Recovery of Terrestrial Ecosystems

Restoring the forests that once covered the Sudbury landscape is a huge challenge—much greater than restoring a forest following logging or fire. The main reason for the difficulty is that the damage done to these ecosystems has seriously impaired the very foundation of terrestrial ecosystems: their soils. Succession in such circumstances takes a very long time unless helped along by active restoration methods. One of the main treatments used at restoration sites in the most disturbed areas has been spreading crushed limestone on the soils.
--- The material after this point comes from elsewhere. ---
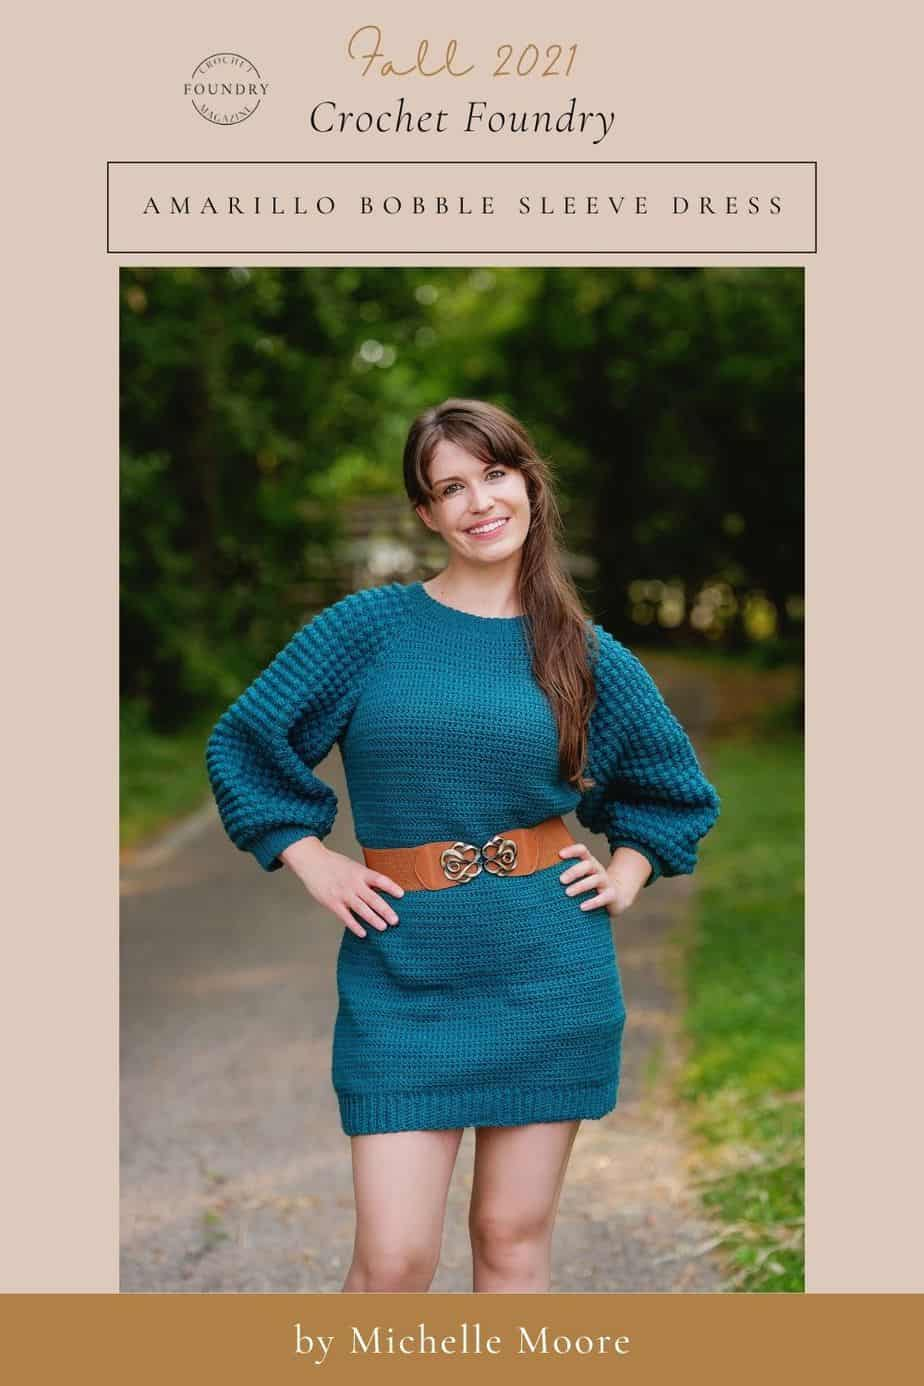 Amarillo Bobble Sleeve Dress crochet pattern by Michelle Moore for Crochet Foundry magazine Fall 2021

Limestone adds the critical Ca2+ ions stripped from the soils by acid rain and can neutralize acidic soils, resulting in higher soil pH. Liming at the restoration sites has raised average soil pH to 6.3, compared with 4.3 at unrestored sites. Some sites were limed and planted with a single species of pine. Others were limed, fertilized, and planted with three to five tree species.

As a result of active restoration, the number of plant species at the restored sites averaged more than 3 times greater, compared with unrestored sites in the most disturbed zone (Figure 13.35). The number of plant species at the most species-rich restoration site was comparable to that at the low disturbance site, approximately 36 kilometers from the decommissioned smelter. However, approximately 30% of the plant species at restored sites were invasive non-native species, which have high dispersal rates and had colonized the restoration sites on their own. Meanwhile, all plant species at unrestored, control sites were native. Researchers suggest that it may take decades or even centuries for the plant communities at the restored sites to return to a composition close to the original community before disturbance.
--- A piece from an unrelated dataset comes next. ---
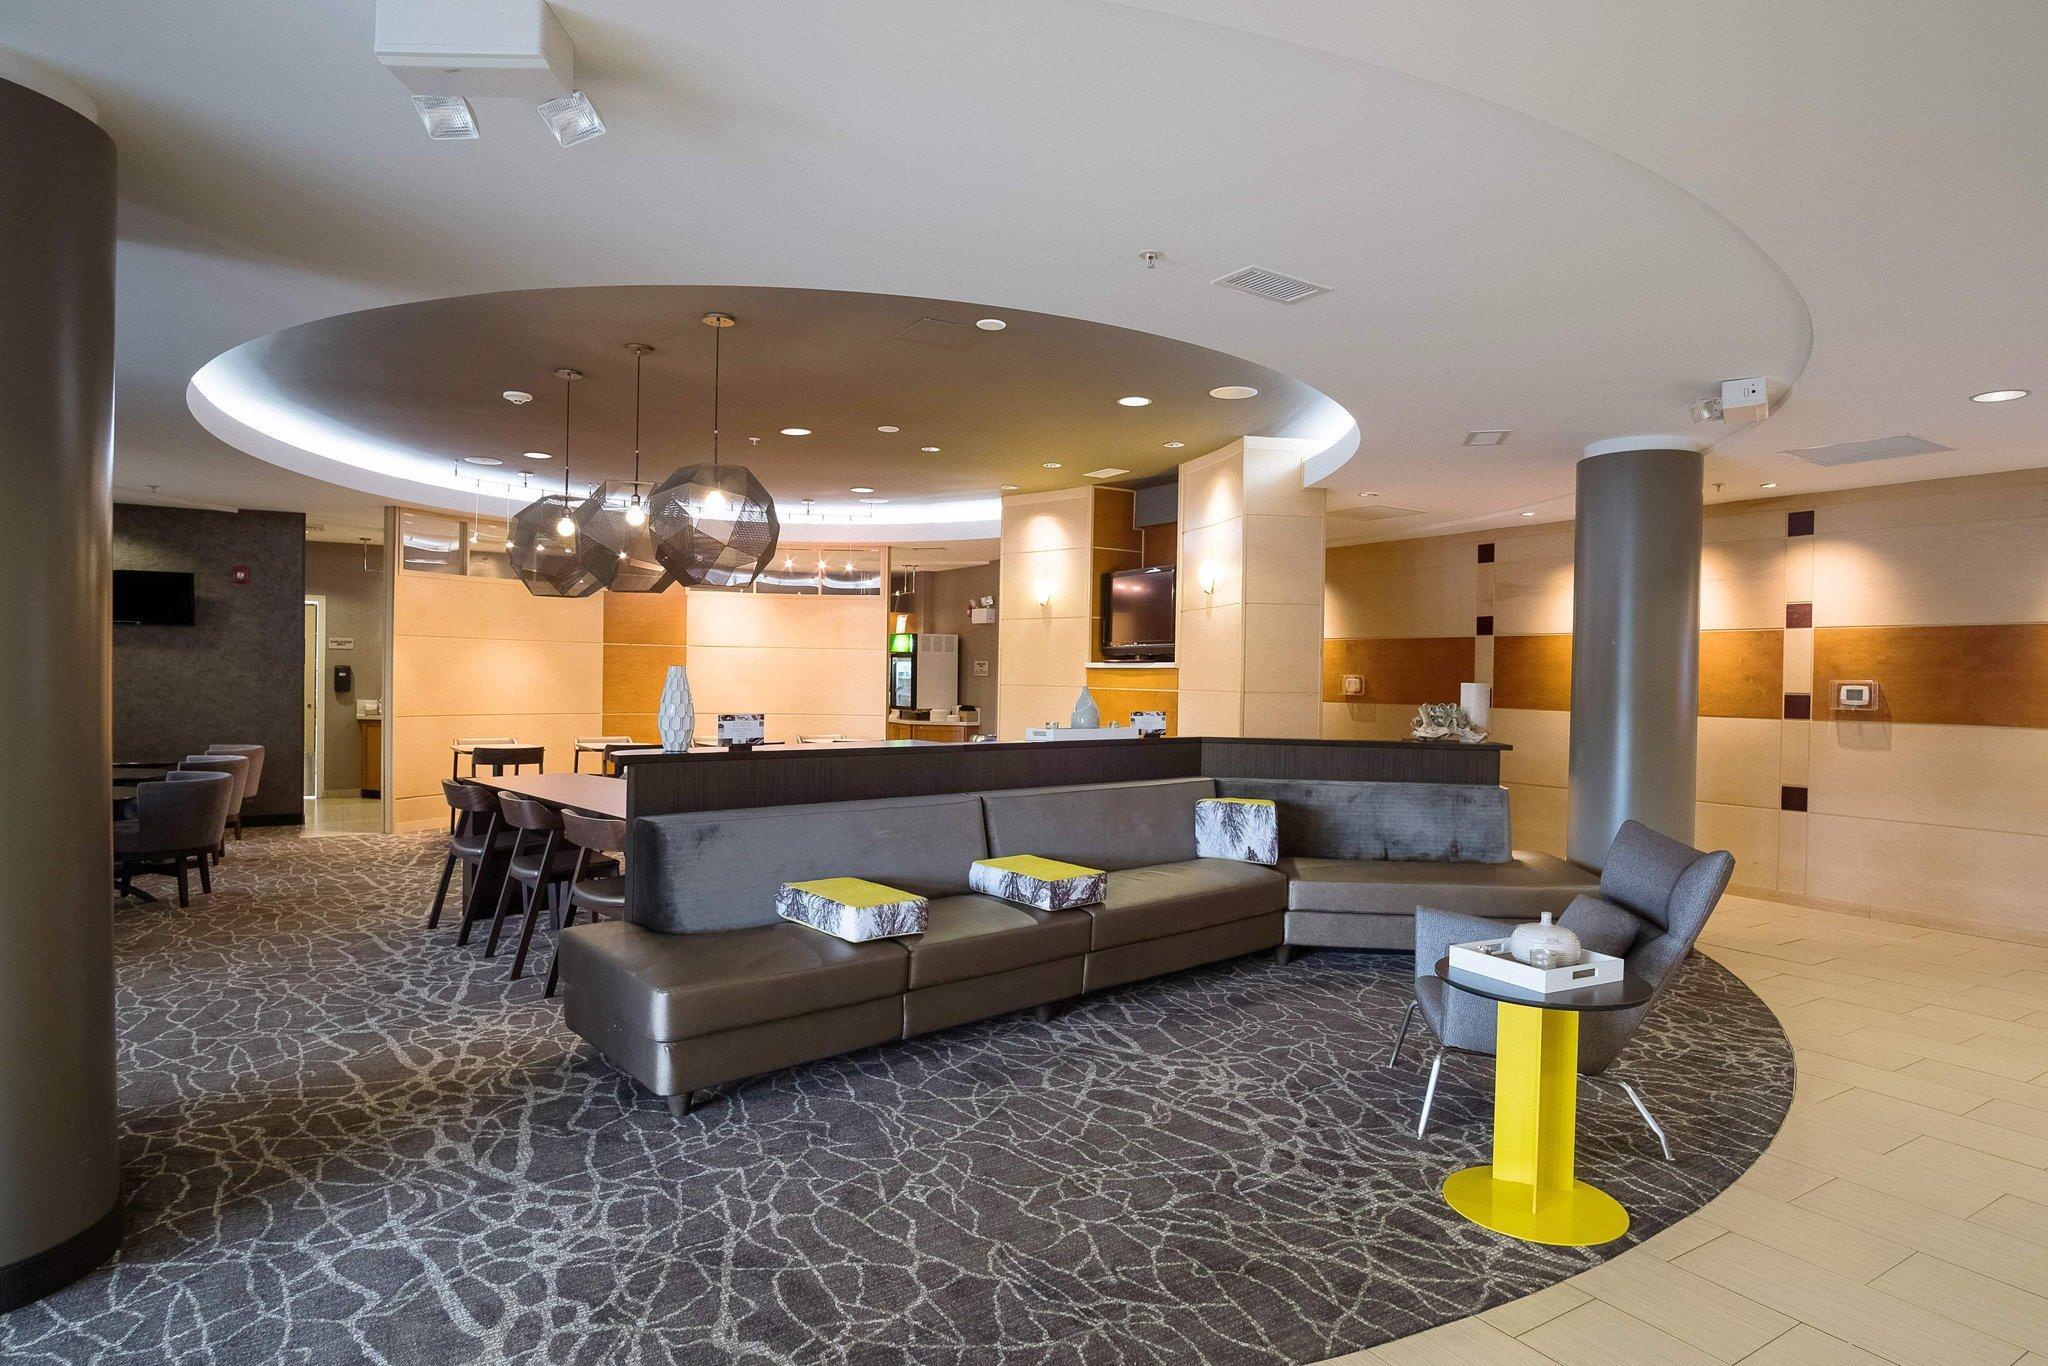 SpringHill Suites Winston Salem Hanes Mall

RESULTS OF TERRESTRIAL RESTORATION AT SUDBURY, ONTARIO
image
FIGURE 13.35 Decades of natural recovery and active restoration near a decommissioned smelter have shown that active restoration speeds the development of species-rich plant communities in the most disturbed sites. (Data from Rayfield et al., 2005)

Think About It

  1. What do the successful reductions in acid rain and recovery of some ecosystems indicate about the scientific understanding of the causes and effects of acid rain?

  2. Why might the ecosystems impacted by acid rain never return to their state prior to acid rain impacts, especially in terms of their species composition?

    415

  3. What can working toward restoration of damaged ecosystems teach us about the ecology of these systems?